Los años 60 supondrían una revisión del satanismo desde una óptica intelectual más acorde con el espíritu inquieto de aquella época. En estos años aparecerá por primera vez el satanista que no cree en Dios, pero tampoco en el Diablo, por lo que no necesita adorarle ni realizar para él sangrientos sacrificios. El satanista moderno será un opositor a las normas cristianas que rigen la civilización occidental.
Hasta la aparición de Marilyn Manson, no volveremos a encontrar una aproximación seria el intelectual al satanismo, aunque sí veremos cómo éste es utilizado como seña de identidad de diversos movimientos (black y death metal), trivializado a través de referencias al cómic y el cine de serie B (Misfits, The Cramps, White Zombie) y convertido en idolatría hacia los psicópatas y asesinos en serie (Nine Inch Nails, entre otros).
Con Marilyn Manson, devotos de la Iglesia de Satán de LaVey, se abre de nuevo una etapa de revisión del satanismo como doctrina individualista, inserta en el delirio y la confusión inherentes a todo fin de milenio. Las voces conservadoras, que también han acompañado al rock desde sus inicios, siguen clamando contra las bandas que se sirven del Diablo para componer los textos de sus canciones y lanzar sus mensajes al público. Como siempre ha sucedido, la polémica y el escándalo que promueven las asociaciones moralistas, cristianas y censoras, con sus pretensiones de recortar la libertad de expresión de los grupos de rock, causan el efecto contrario.
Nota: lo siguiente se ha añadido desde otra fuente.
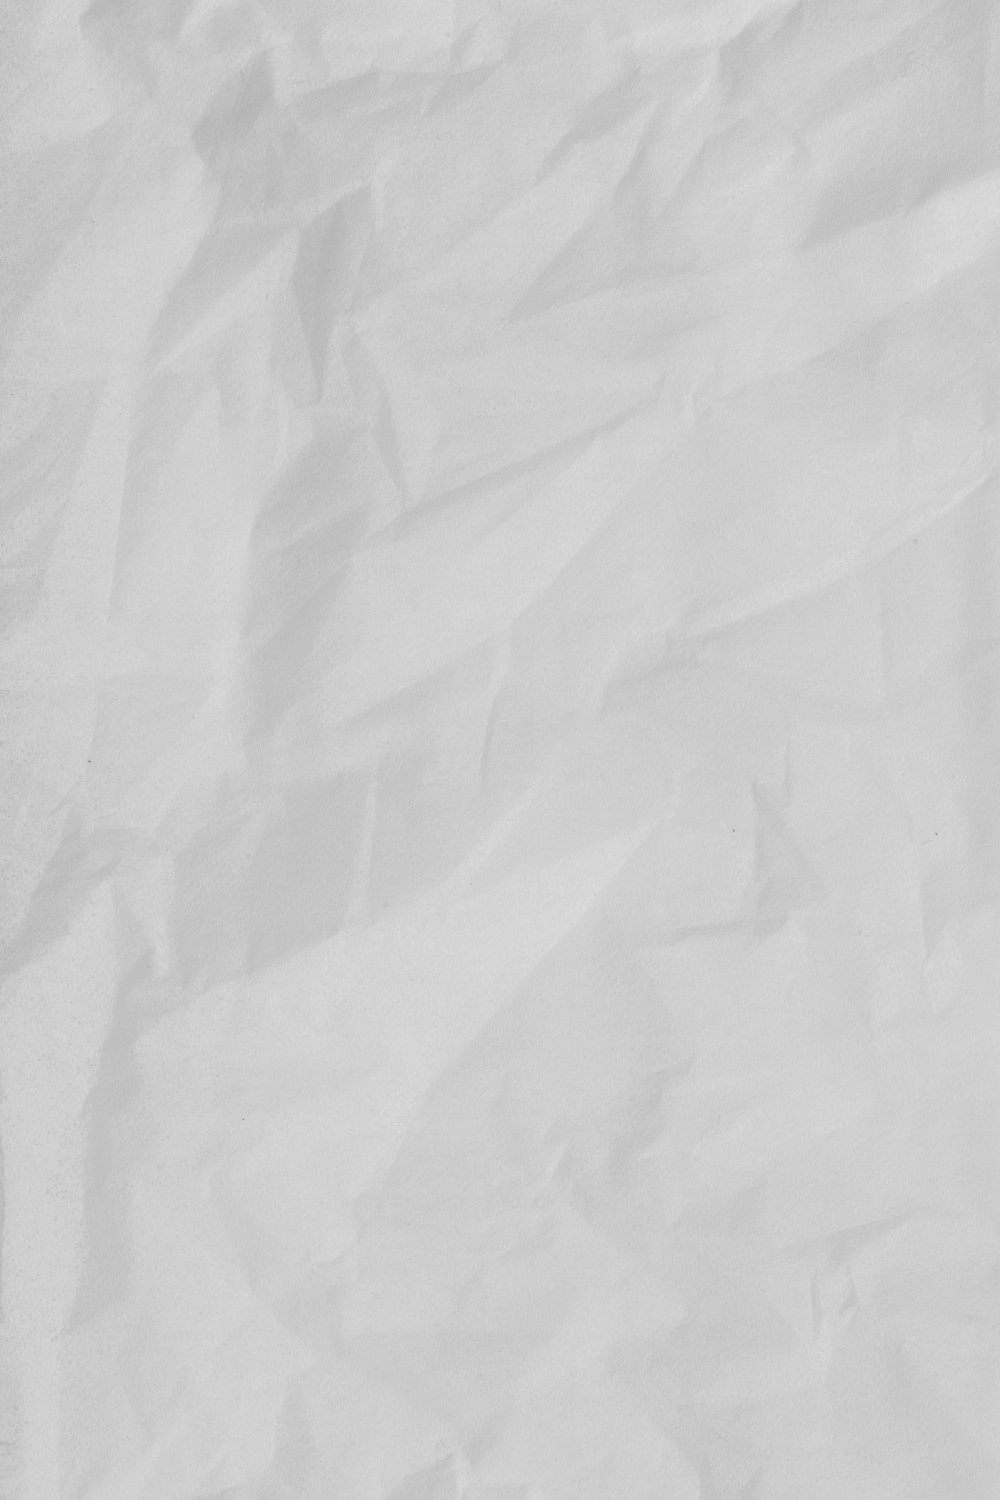 tecido branco na mesa de madeira marrom

Todo comenzó con Robert Johnson no hizo nada por desmentir los rumores en torno a su persona. Es más, contribuyó al afianzamiento de su propia leyenda con la incorporación de la figura del Diablo a algunas de sus composiciones más conocidas, como ‘Hell bound in my trail’ (El infierno me sigue la pista) y ‘Me and the Devil blues’.
Es famosa con su manera de tocar la guitarra que se dijera que vendió su alma al diablo.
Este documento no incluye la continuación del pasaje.